Diversity¶

Why pure relevance is not enough, and how the engine deliberately varies what it shows.

If the system only shows items most similar to a visitor's query or profile, the top set can overemphasise a narrow slice of the corpus: testimonies from the same camp, repeated accounts of the same deportation, several items of the same media type. That maximises short-term relevance but risks a skewed, incomplete view of the historical record. This is confirmation bias.

For a cultural heritage setting this is undesirable. Visitors should meet content aligned with their interests and also encounter different perspectives, modalities, and historical contexts that broaden understanding. Left unchecked, confirmation bias would limit discovery and reduce the educational and commemorative value of the platform. So the engine trades a little relevance for variety on purpose.

Diversity is a re-ranking step that runs after hybrid scoring. Once each candidate has a relevance score, many top items may still be near-duplicates. Maximal Marginal Relevance (MMR) (or submodular re-ranking) refines the list by balancing relevance with novelty:

\[ \mathrm{MMR} = \arg\max_{d \in \text{candidates}} \big[\, \lambda \cdot \mathrm{Relevance}(d) - (1-\lambda)\cdot \mathrm{Similarity}(d, d') \,\big] \]

Each new item is chosen to be relevant to the visitor yet dissimilar to the items already selected. \(\lambda\) controls the balance: higher favours raw relevance, lower favours spread.

flowchart LR
    scored["scored candidates"] --> pick["pick top-1 by relevance"]
    pick --> step{"selected < limit?"}
    step -->|yes| nxt["pick argmax<br/>λ·relevance − (1−λ)·max sim to selected"]
    nxt --> step
    step -->|no| out["diverse ranked list"]

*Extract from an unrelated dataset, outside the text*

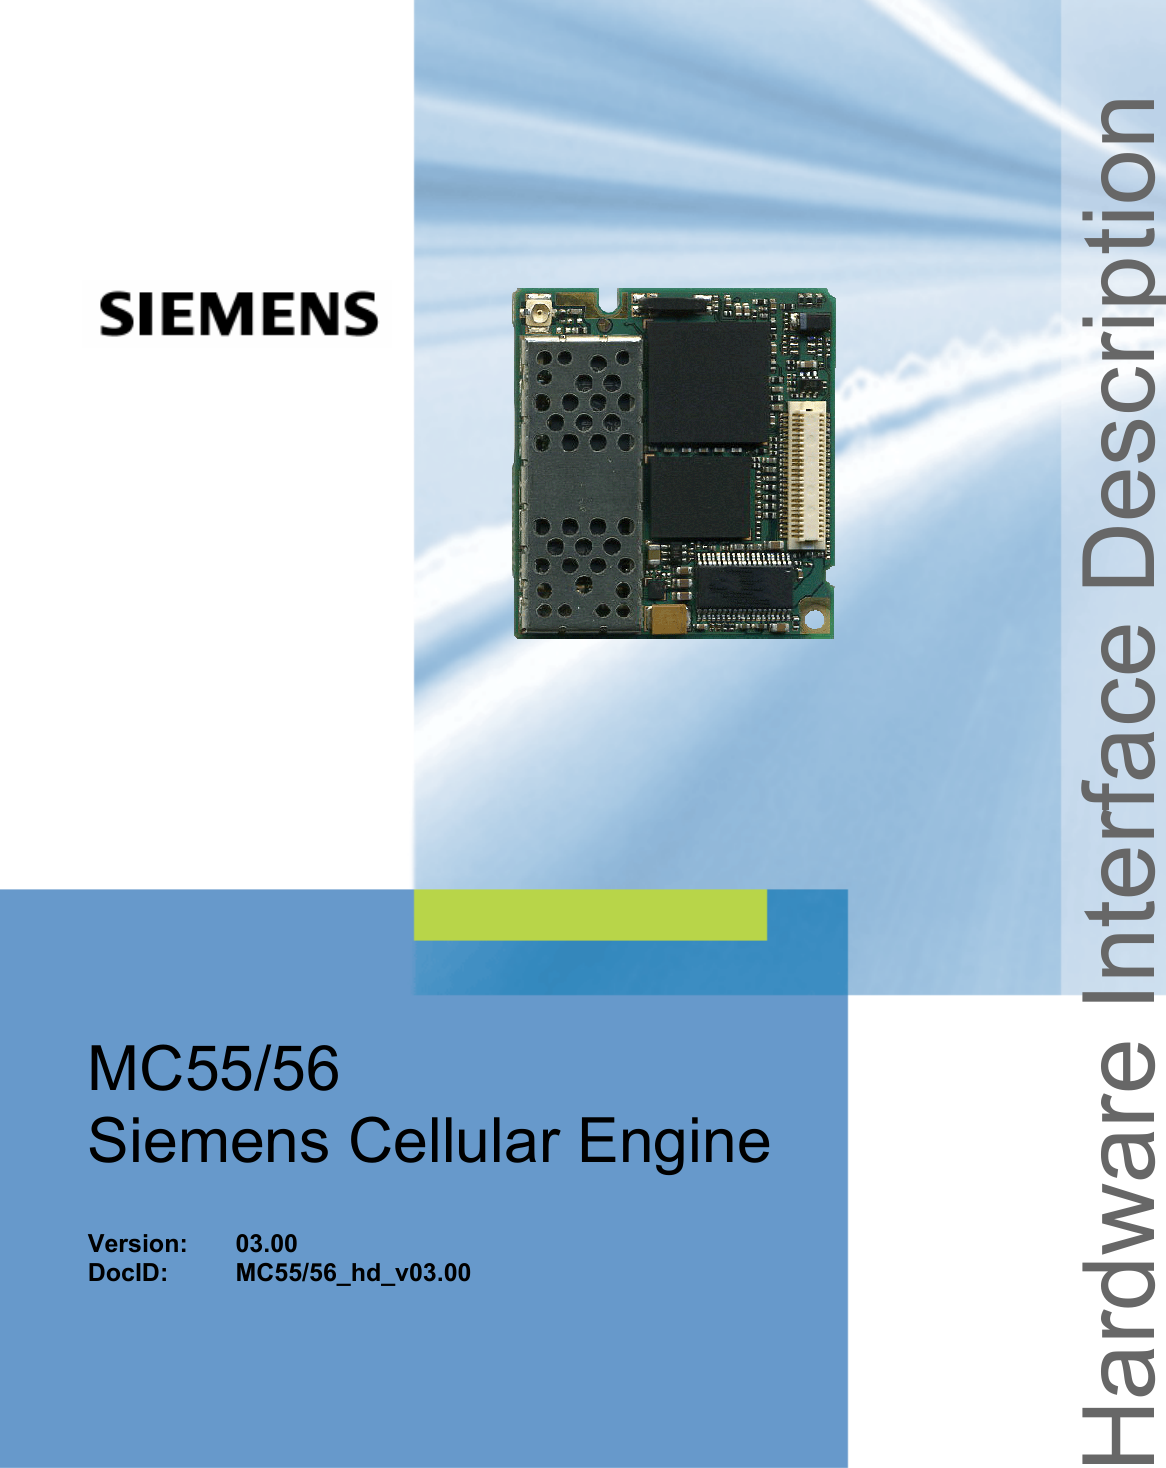 MC55/56 Hardware Interface Description Confidential / Preliminary s MC55/56_hd_v03.00  Page 1 of 104  16.08.2005  Hardware Interface Description MC55/56 Siemens Cellular Engine   Version: 03.00 DocID: MC55/56_hd_v03.00

This step matters in MEMORISE because the corpus is large, multimodal, and thematically dense; without it, recommendations become monotonous or reinforce narrow patterns of attention. The implemented mmr_rerank (default \(\lambda = 0.7\)) is documented in Ranking.

Math rendering

MMR picks the next item that maximises lambda times its relevance minus one-minus-lambda times its similarity to already-selected items.